Get data about GBIF networks

Description

Get data about GBIF networks

Usage

network(
  data = "all",
  uuid = NULL,
  query = NULL,
  identifier = NULL,
  identifierType = NULL,
  limit = 100,
  start = NULL,
  curlopts = list()
)

network_constituents(uuid = NULL, limit = 100, start = 0)

Arguments

data

The type of data to get. One or more of: 'contact', 'endpoint', 'identifier', 'tag', 'machineTag', 'comment', 'constituents', or the special 'all'. Default: 'all'

uuid

UUID of the data network provider. This must be specified if data is anything other than 'all'. Only 1 can be passed in

query

Query nodes. Only used when data='all'. Ignored otherwise.

identifier

The value for this parameter can be a simple string or integer, e.g. identifier=120. This parameter doesn't seem to work right now.

identifierType

Used in combination with the identifier parameter to filter identifiers by identifier type. See details. This parameter doesn't seem to work right now.

limit

Number of records to return. Default: 100. Maximum: 1000.

start

Record number to start at. Default: 0. Use in combination with limit to page through results.

curlopts

list of named curl options passed on to HttpClient. see curl::curl_options for curl options

Details

identifierType options:

  • DOI No description.

  • FTP No description.

  • GBIF_NODE Identifies the node (e.g: DK for Denmark, sp2000 for Species 2000).

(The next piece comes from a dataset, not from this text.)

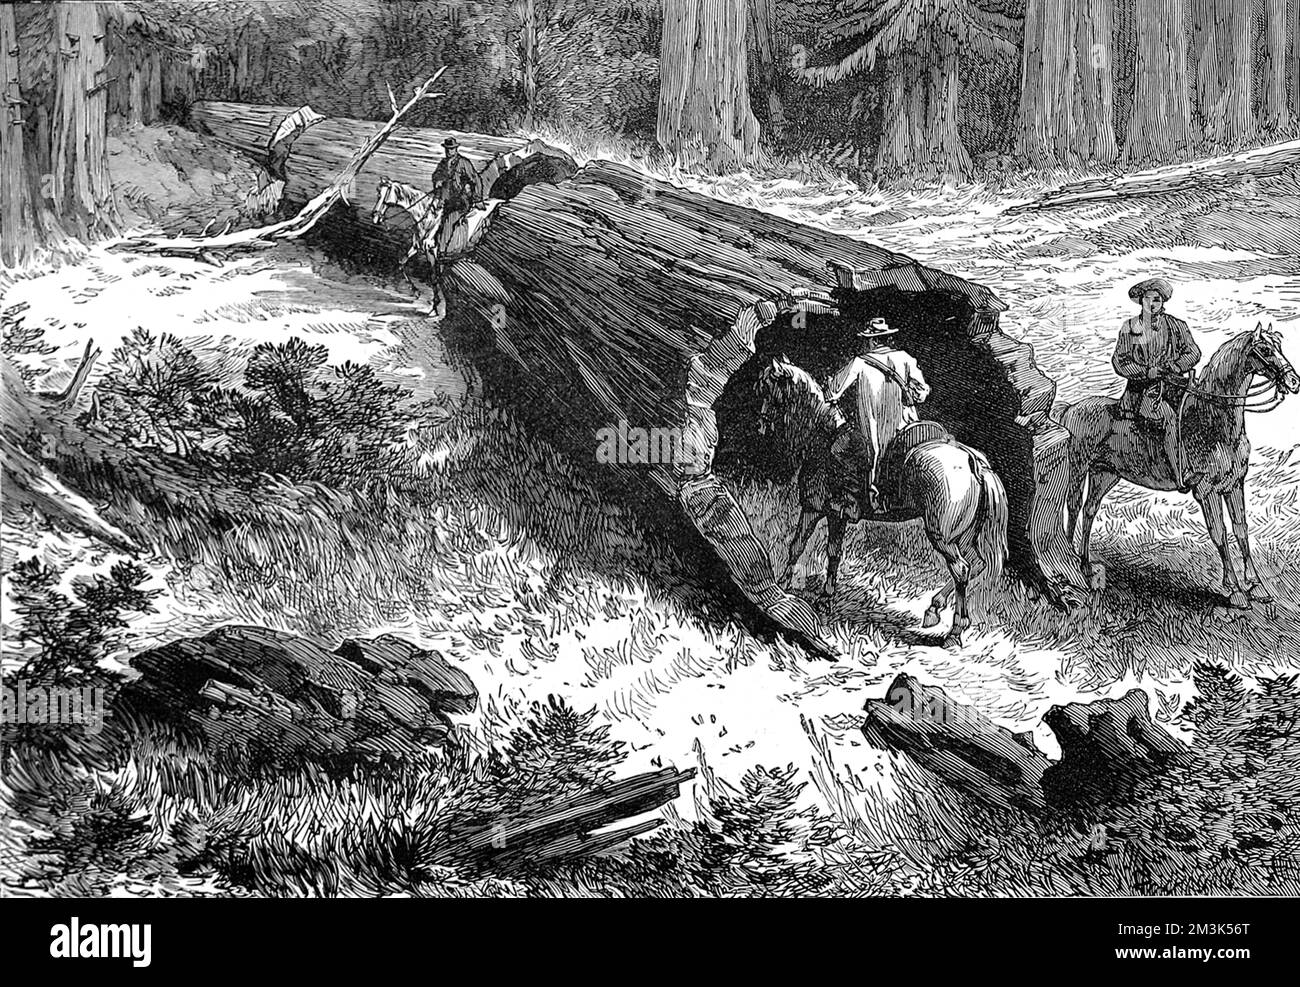 Drei Männer auf dem Pferderücken neben einem gefallenen riesigen Mammutbaum, Kalifornien, 1877. Dieser spezielle Baum, so scheint es, war hohl genug, um auf dem Pferderücken durch einen Mann zu reiten. 1877 Stockfoto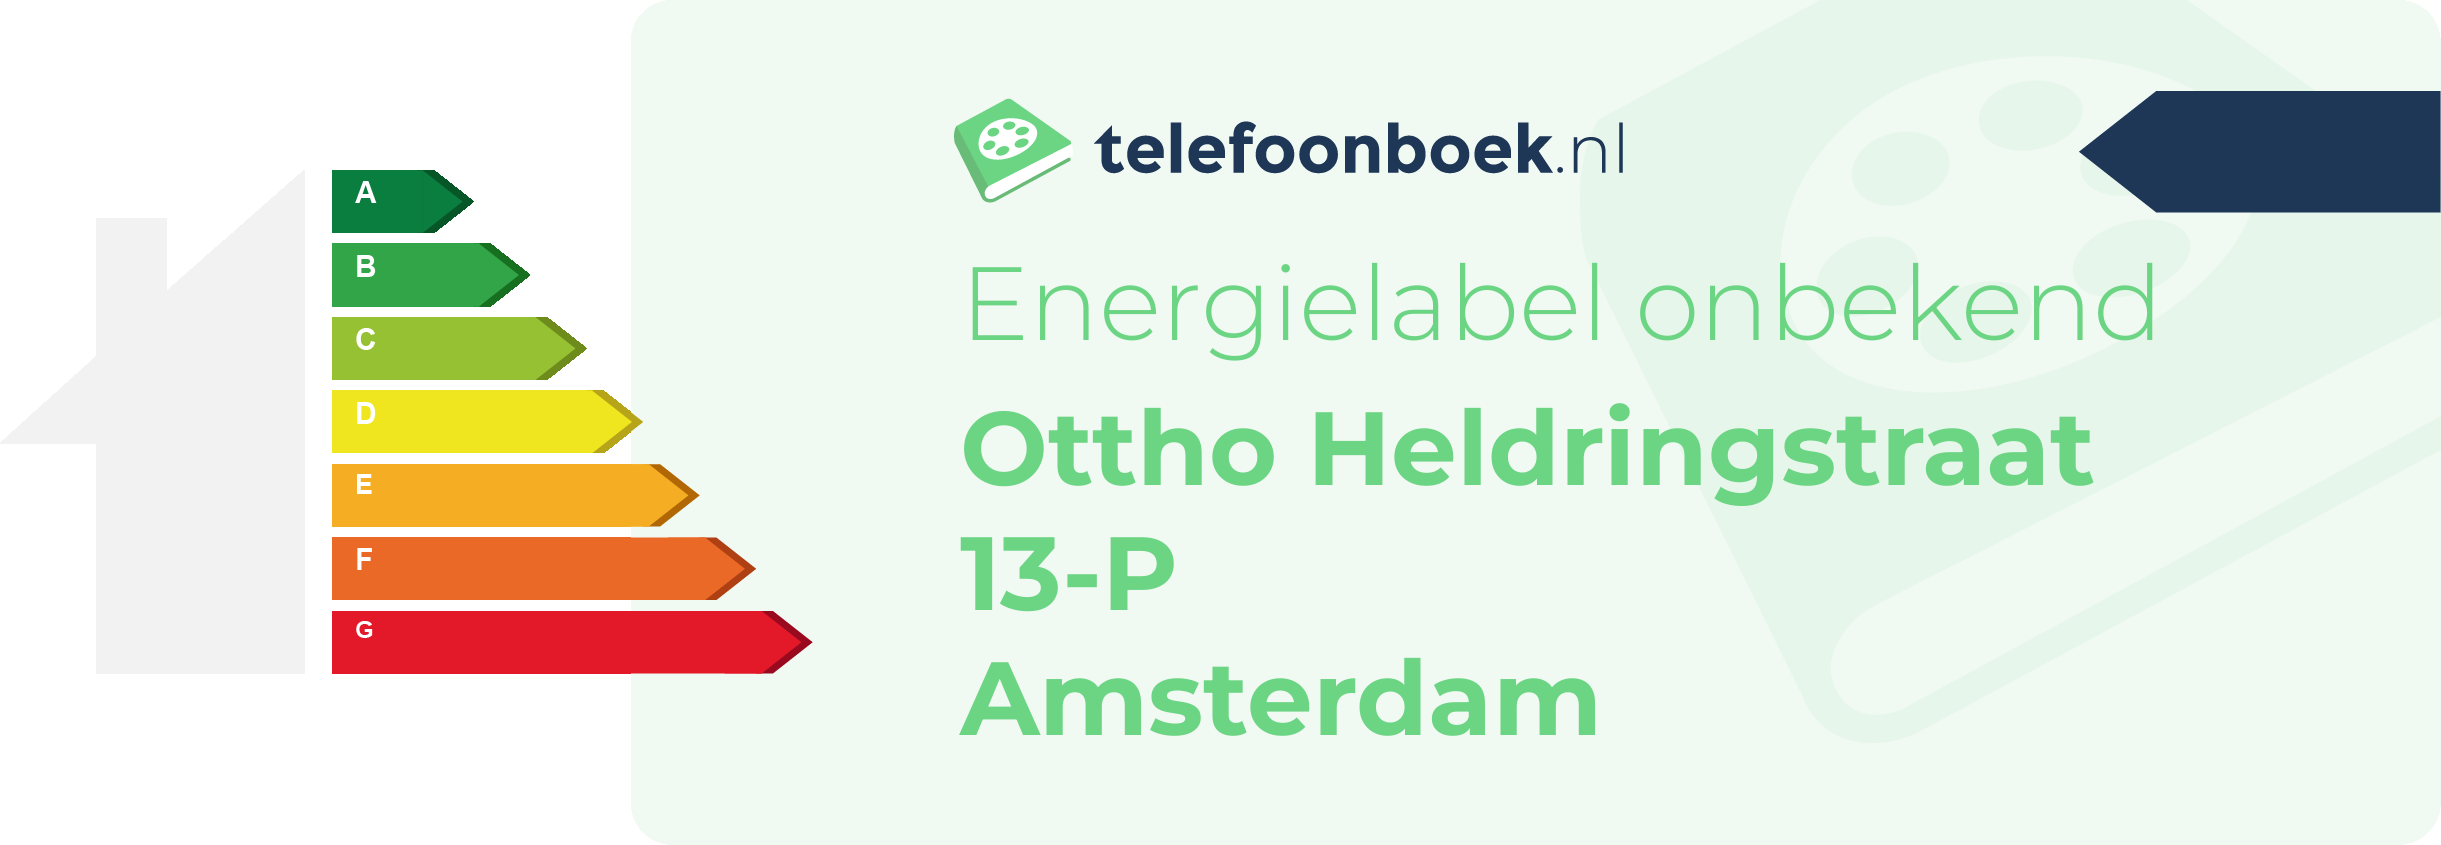 Energielabel Ottho Heldringstraat 13-P Amsterdam

  • GBIF_PARTICIPANT Participant identifier from the GBIF IMS Filemaker system.

  • GBIF_PORTAL Indicates the identifier originated from an auto_increment column in the portal.data_provider or portal.data_resource table respectively.

  • HANDLER No description.

  • LSID Reference controlled by a separate system, used for example by DOI.

  • SOURCE_ID No description.

  • UNKNOWN No description.

  • URI No description.

  • URL No description.

  • UUID No description.

Get various information about GBIF networks. network_constituents() is a convenience function that allows you to get all the datasets in a network.

Value

  • network() returns a list

  • network_constituents() returns a data.frame of datasets in the network

References

https://www.gbif.org/developer/registry#networks

Examples

## Not run: 
network()
network(uuid='2b7c7b4f-4d4f-40d3-94de-c28b6fa054a6')

network_constituents('2b7c7b4f-4d4f-40d3-94de-c28b6fa054a6')

# curl options
network(curlopts = list(verbose=TRUE))

## End(Not run)

Networks metadata.

Description

Networks metadata.

Usage

networks(
  data = "all",
  uuid = NULL,
  query = NULL,
  identifier = NULL,
  identifierType = NULL,
  limit = 100,
  start = NULL,
  curlopts = list()
)

Arguments

data

The type of data to get. One or more of: 'contact', 'endpoint', 'identifier', 'tag', 'machineTag', 'comment', 'constituents', or the special 'all'. Default: 'all'

uuid

UUID of the data network provider. This must be specified if data is anything other than 'all'. Only 1 can be passed in

query

Query nodes. Only used when data='all'. Ignored otherwise.

identifier

The value for this parameter can be a simple string or integer, e.g. identifier=120. This parameter doesn't seem to work right now.

identifierType

Used in combination with the identifier parameter to filter identifiers by identifier type. See details. This parameter doesn't seem to work right now.

limit

Number of records to return. Default: 100. Maximum: 1000.

start

Record number to start at. Default: 0. Use in combination with limit to page through results.

curlopts

list of named curl options passed on to HttpClient. see curl::curl_options for curl options

Details

identifierType options:

  • DOI No description.

  • FTP No description.

  • GBIF_NODE Identifies the node (e.g: DK for Denmark, sp2000 for Species 2000).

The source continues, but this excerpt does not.